GW parameter estimation

Extracting source properties (masses, spins, sky location, orientation) from a gravitational-wave observation requires Bayesian inference. Given a likelihood \(p(d\mid\theta)\) for data \(d\) given parameters \(\theta\), and a prior \(p(\theta)\), the posterior is \[ p(\theta|d) = \frac{p(d\mid\theta)p(\theta)}{p(d)}. \] Standard samplers (MCMC, nested sampling) require millions of waveform evaluations per event, each costing milliseconds to seconds depending on the model. This makes traditional methods prohibitively expensive at high event rates.

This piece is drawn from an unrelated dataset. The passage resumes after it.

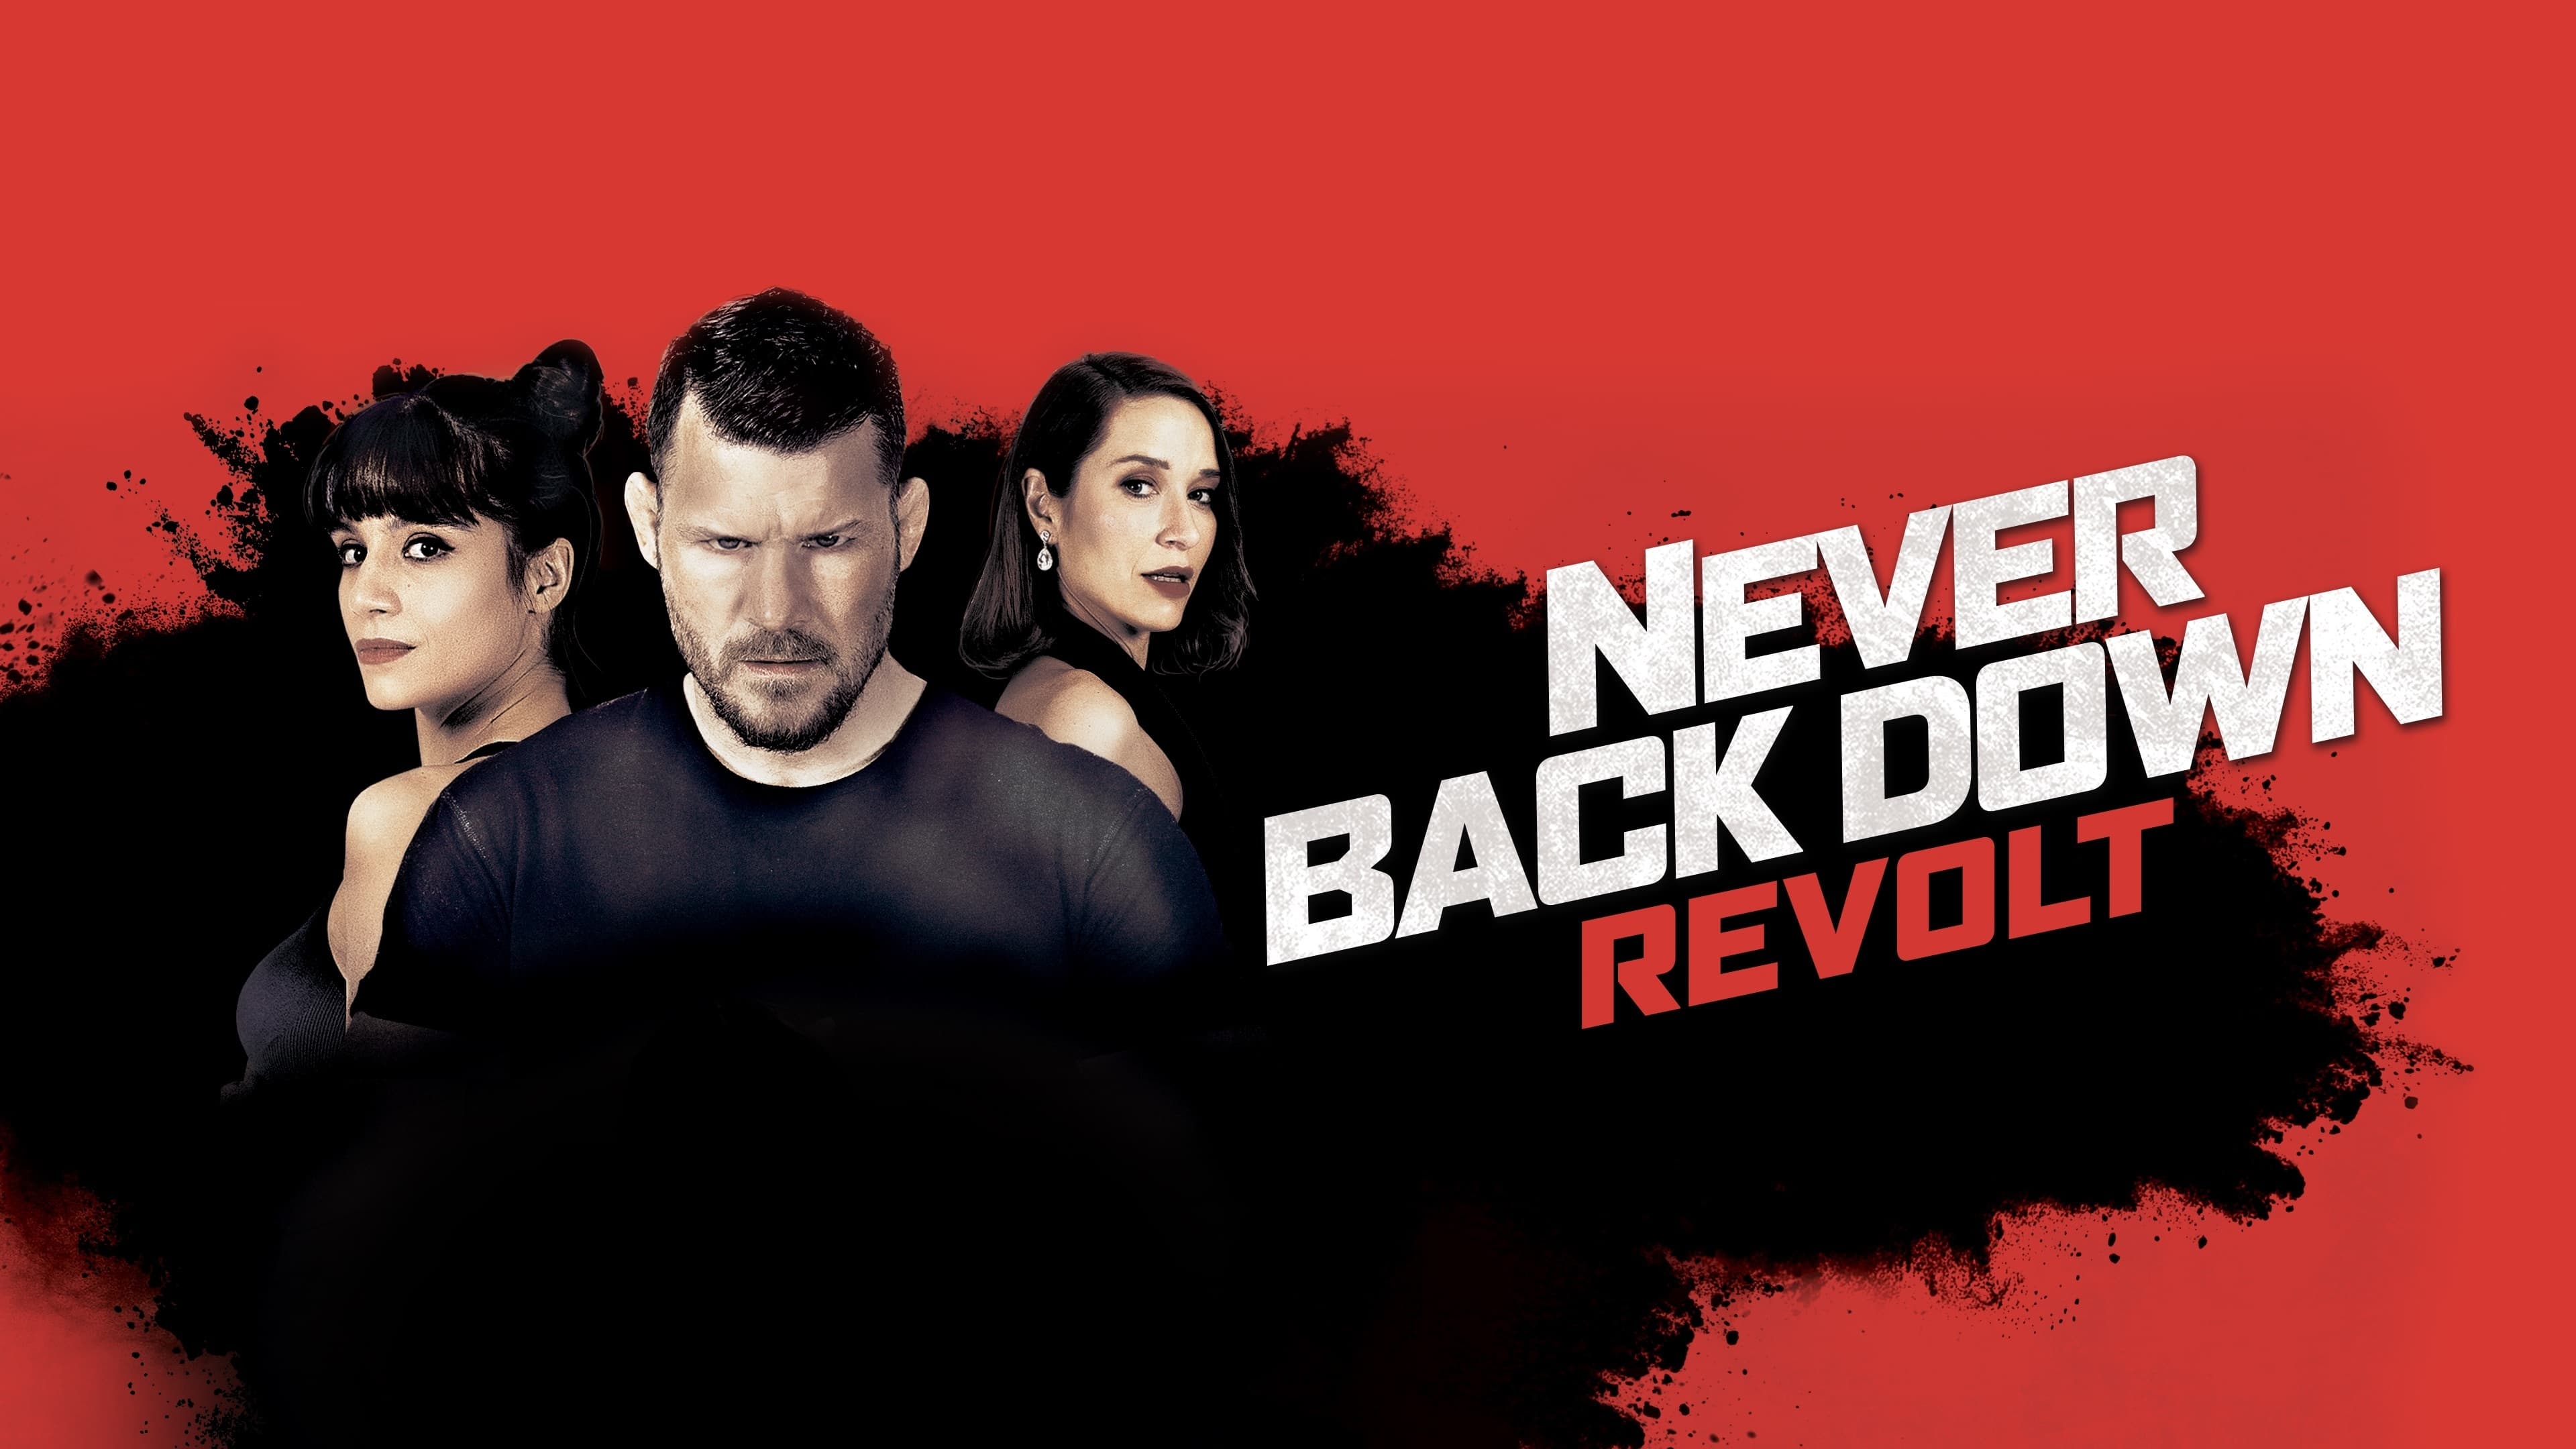 Never Back Down: La Révolte (2021)

Simulation-based inference

SBI replaces likelihood evaluations with simulations. A neural network \(q_\phi(\theta \mid d)\) is trained to approximate the posterior by minimizing \[ L[\phi] = \mathbb{E}_{p(\theta, d)}\left[-\log q_\phi(\theta\mid d)\right], \] over simulated data pairs \((\theta, d)\) drawn from the joint distribution. To obtain these pairs, we sample hierarchically: first draw from the prior \(\theta \sim p(\theta)\), then simulate data \(d\sim p(d\mid\theta)\). Once trained, the network produces posterior samples via fast forward passes, and can be re-used for every new observation—amortizing the training cost.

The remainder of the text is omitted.